Excluded trial	No. of trials	No. of patients	Experimental group	Control group	RR (95% CI)	P value for RR	I2 (%)	P value for heterogeneity
Cortot (2020)	7	2733	1392	1341	1.25 [1.12, 1.39]	<0.0001	48	0.07
Fukuda (2019)	7	2857	1481	1376	1.07 [0.85, 1.34]	0.56	74	0.0008
Kitagawa (2019)	7	2789	1446	1341	1.12 [0.88, 1.42]	0.37	78	0.0002
Niho (2012)	7	2720	1382	1338	1.12 [0.81, 1.55]	0.50	76	0.0004
Reck (2009)	7	2241	1172	1069	1.11 [0.82, 1.50]	0.51	78	0.0001
Reck (2010)	7	2240	1171	1069	1.08 [0.80, 1.45]	0.62	76	0.0003
Saito (2019)	7	2671	1389	1282	1.11 [0.88, 1.41]	0.37	78	0.0002
Sandler (2006)	7	2030	1074	956	1.04 [0.81, 1.33]	0.76	71	0.002

4. Discussion

Interference with VEGFR functions has been an alternative approach for the treatment of NSCLC [27]. Bevacizumab, a novel targeted therapeutic, differs in their modes of action and tolerability profiles from those of cytotoxic agents and can be combined with traditional chemotherapy to offer greater clinical benefits [25]. It has been approved for use in combination with the standard platinum-based chemotherapy or as a maintenance therapy after chemotherapy during the treatment of NSCLC patients without driver mutations [26, 28]. However, little information was reported on DCR and TRAE of NSqNSCLC patients. Besides, there have been several novel studies published afterwards. Thus, it is necessary to update the results.

We conducted this meta-analysis with 10 RCTs included 3134 advanced NSqNSCLC patients to compare therapeutic efficacy and adverse reactions of bevacizumab containing and bevacizumab free for NSqNSCLC patients. According to the current outcomes, treatment regimens containing bevacizumab had significant improvements for ORR, OS, and PFS outcomes, when compared with the treatment regimens without bevacizumab. However, significant outcome was not observed in DCR. It is indicated that significant improvements of ORR and PFS could translate into overall survival benefits. A previous meta-analysis reported similar results regarding efficacy profile [10]. However, the important outcome disease control rate (DCR) was not analyzed and only five RCTs were included. Five RCTs including 1852 patients, 7 RCTs including 2671 patients, and 8 RCTs including 2897 patients indicated that the bevacizumab-containing group and bevacizumab-free group had a similar rate of TRAE3-5, thrombocytopenia, and neutropenia. All 10 RCTs reported hypertension and 7 RCTs reported hemorrhagic events, and the bevacizumab-containing group showed a higher rate of hypertension and hemorrhagic events compared to the bevacizumab-free group. Seven RCTs reported anemia and the bevacizumab-containing group showed a lower rate of anemia compared to the bevacizumab-free group.

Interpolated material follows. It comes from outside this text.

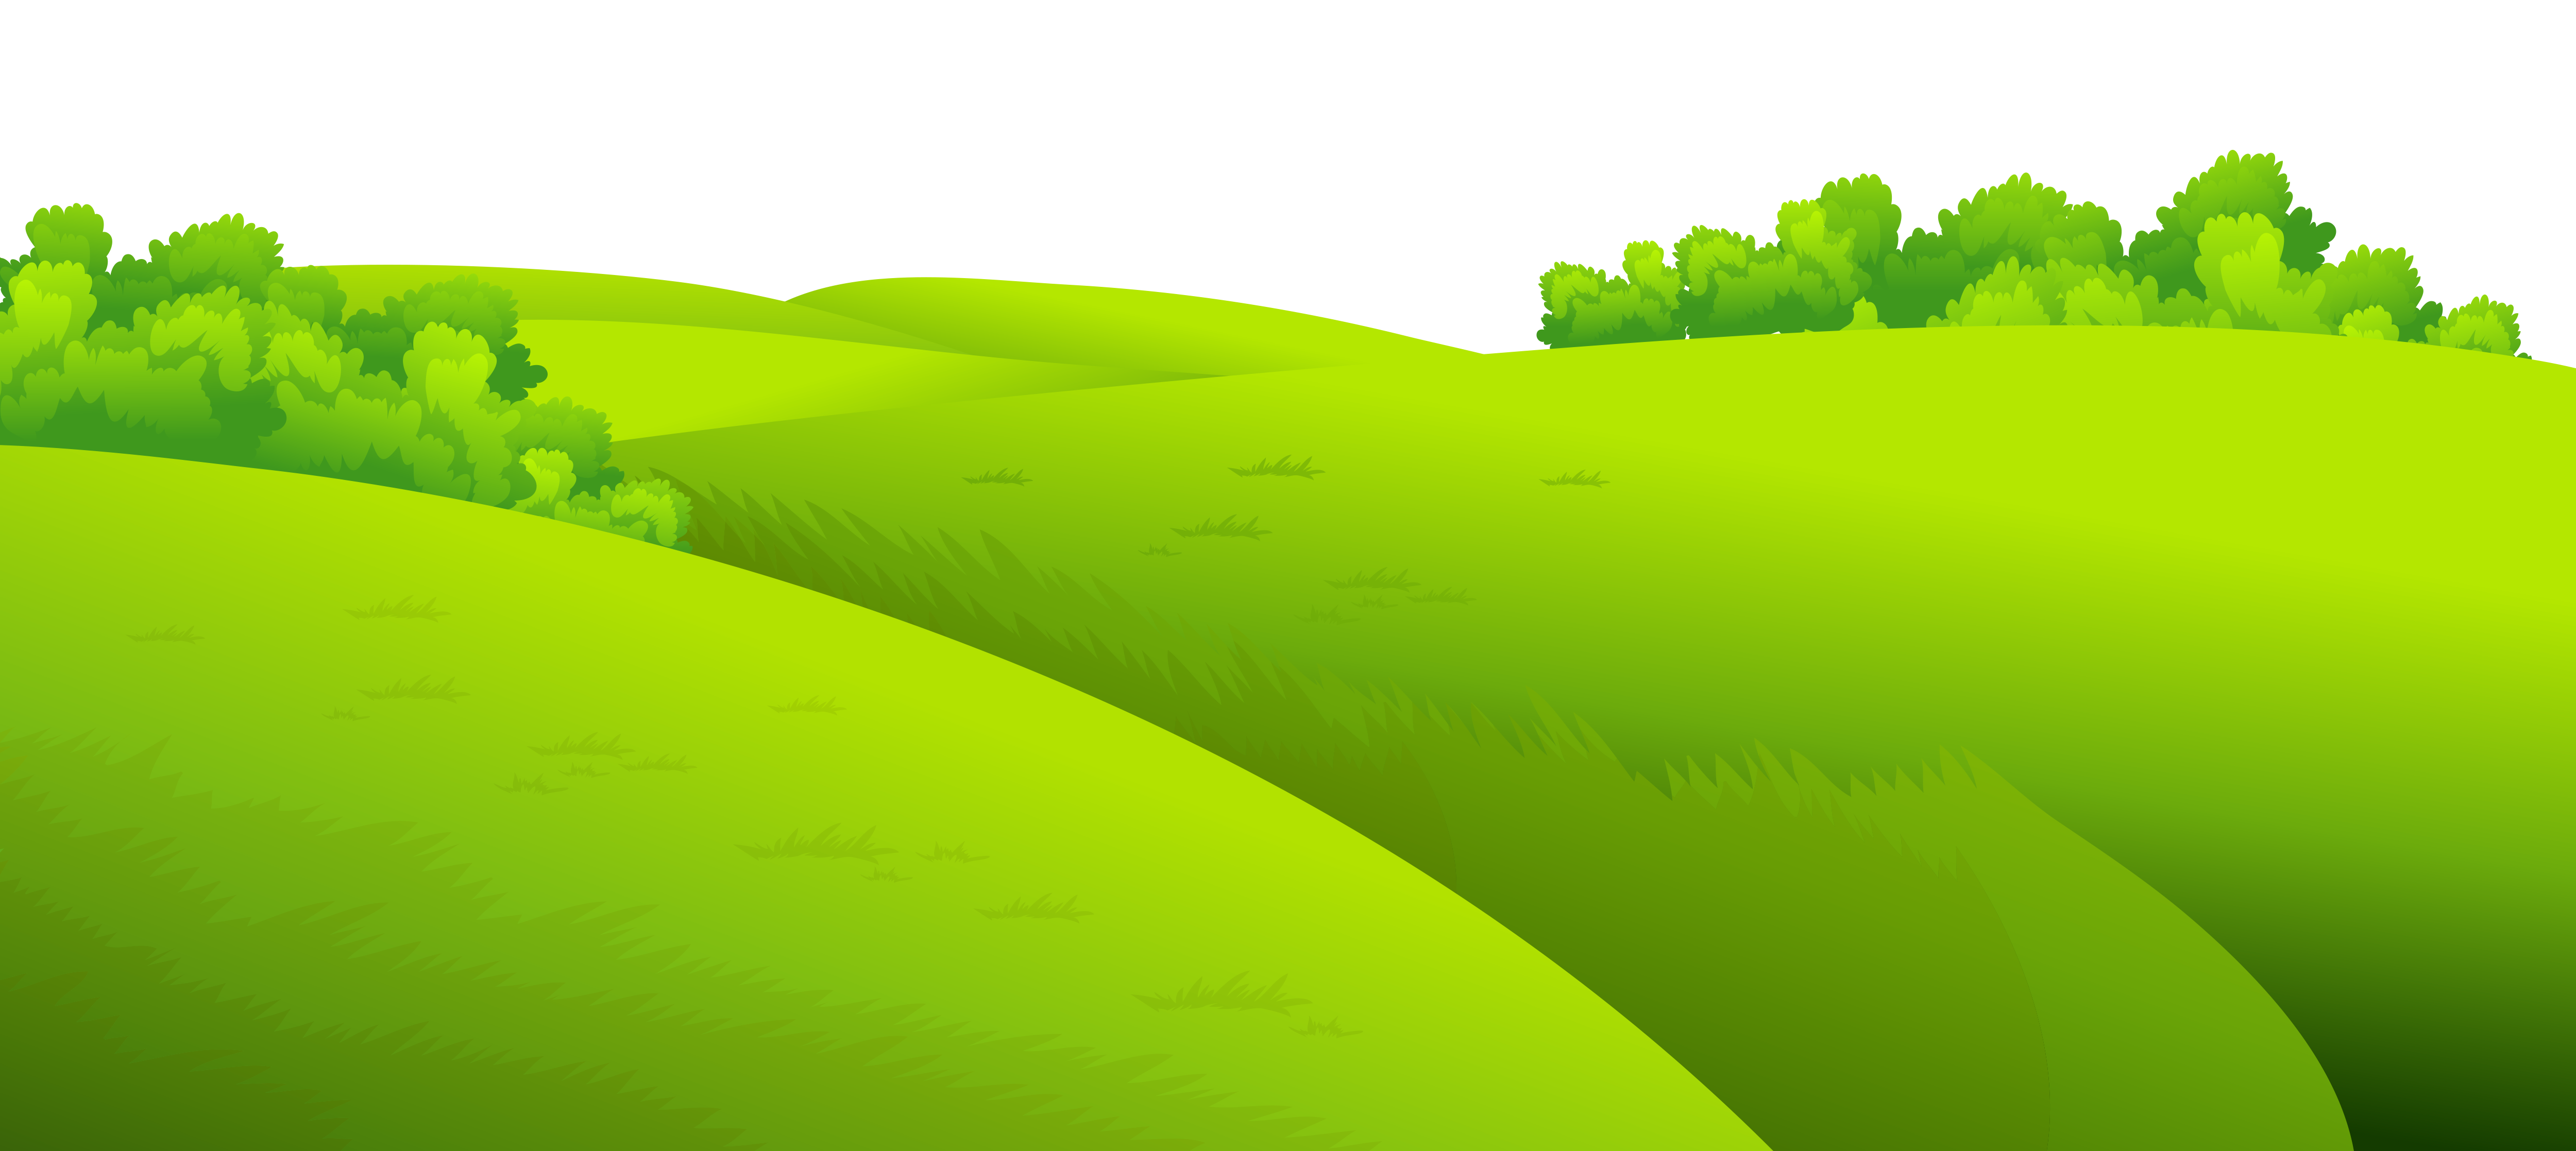 Grass ground png clip. Hill clipart green nature

Though more RCTs were included in this meta-analysis, improvement was not observed with respect to DCR in the bevacizumab-containing group. A possible reason is that Saito (2019) affected the result, because sensitivity analysis indicated that omitting Saito (2019) showed that I2 was decreased to 45% and significant difference was observed for DCR. Other possible reasons include that bevacizumab may not improve DCR or limited number of RCTs limits the positive result. More multicenter, large-sample RCTs or even real-world studies comparing bevacizumab for NSqNSCLC patients are urged to validate the DCR as DCR was considered as one of the important outcomes for cancer patients.

5. Limitations of This Study

First, we did not perform subgroup analysis as subgroup analysis will result in limited articles available. Second, various chemotherapeutic regimens and patterns are involved in different RCTs. This may lead to a certain degree of heterogeneity and significant heterogeneities. Third, we cannot extract more data to complete an in-depth analysis of DCR and more high-quality trials are warranted to support the survival benefit of bevacizumab.

6. Conclusions

Our meta-analysis showed that treatment containing bevacizumab was an option for patients with NSqNSCLC and patients with acceptable efficacy. Bevacizumab was superior to those without it in terms of ORR, OS, and PFS in patients with NSqNSCLC and no significant TRAE3-5 was observed.